We recommend creating at least two sub-folders within data/:

  • raw/: Use this folder to store the original datasets.
  • processed/: Use this folder to save any datasets generated as preliminary or final results from your analyses.

If data/ is listed in your .gitignore file, both subfolders will automatically be ignored by Git since they are located within the data/ folder.

If the folder is not in the project root or has a different name, adjust the .gitignore settings accordingly.

Your project structure should look like this:

project-folder/ 
├── .gitignore # Specifies files and folders to ignore in version control 
├── README.md # Documentation about the project 
├── data/ # Folder to store datasets 
    ├── raw/ # Original datasets (never modified directly) │
    └── processed/ # Cleaned and processed datasets
What type of document should you use for your data analysis?

There are many files you can use run your code. You can use a basic R script (Wickham and Grolemund 2024), an RMarkdown document or its more current version Quarto.

If you’re unsure where to start, we recommend using a Quarto Document. A Quarto document, just like RMarkdown, allows you to include code chunks throughout a text and save it as a Word, PDF, or HTML report.

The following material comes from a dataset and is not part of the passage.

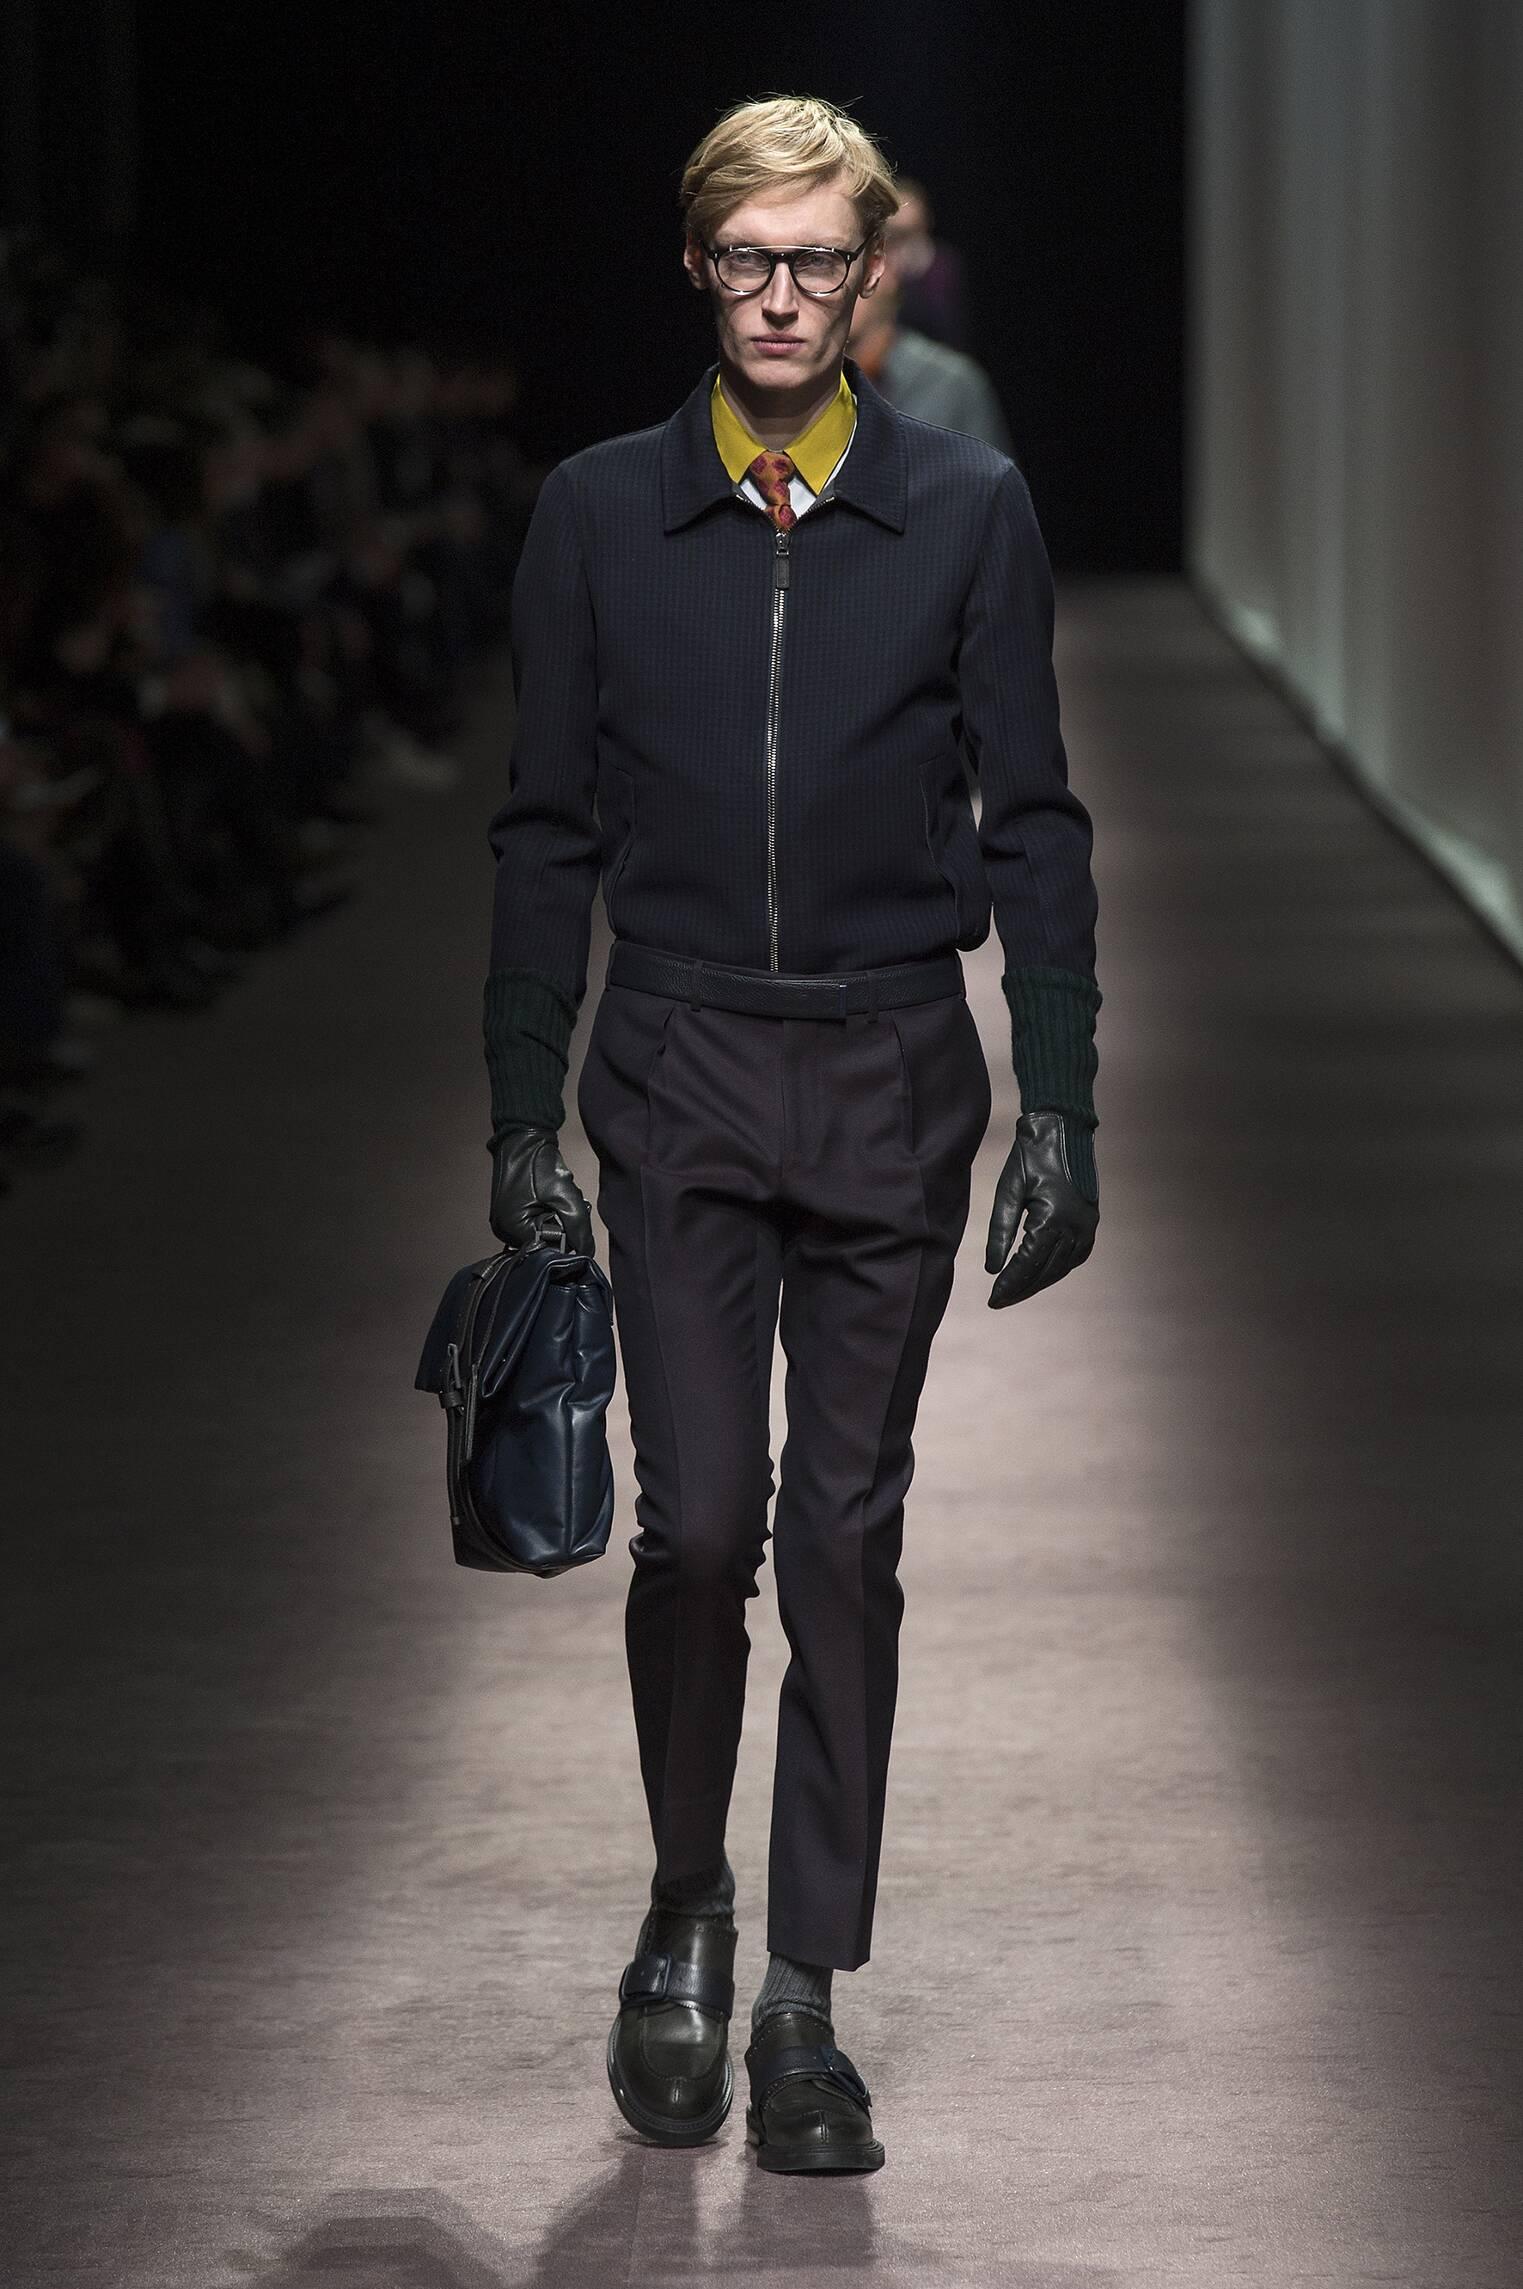 Winter Fashion Trends 2016-17 Canali

Combining text where you explain your reasoning and the details of the analysis with the code chunks makes it much easier to understand each section of code, both for yourself and for other readers.

It’s important to note that there is a learning curve for using tools like Quarto. Creating a simple R script might be a good enough option if you’re looking to start your analysis more straightforwardly.

We encourage you to discuss this on the lab Slack to hear the experiences of other researchers. If any consensus emerges, feel free to open a New Issue here to improve this guide.

and you .gitignore file should look like this:

.Rproj.user
.Rhistory
.RData
.Ruserdata
data/

2.4 Complete the README using the template

Before starting work, fill out the README.md file with the following information:

# Title

## Author  
**Name:** [Your Name]  
**Email:** [Your Name]

## Start Date  
[YYYY-MM-DD]  

## Objective  
The objective of this project is to ...  

## Database Used and Version  
**Database Name:** [Name]
**Data Version:** [Specify version or date accessed]  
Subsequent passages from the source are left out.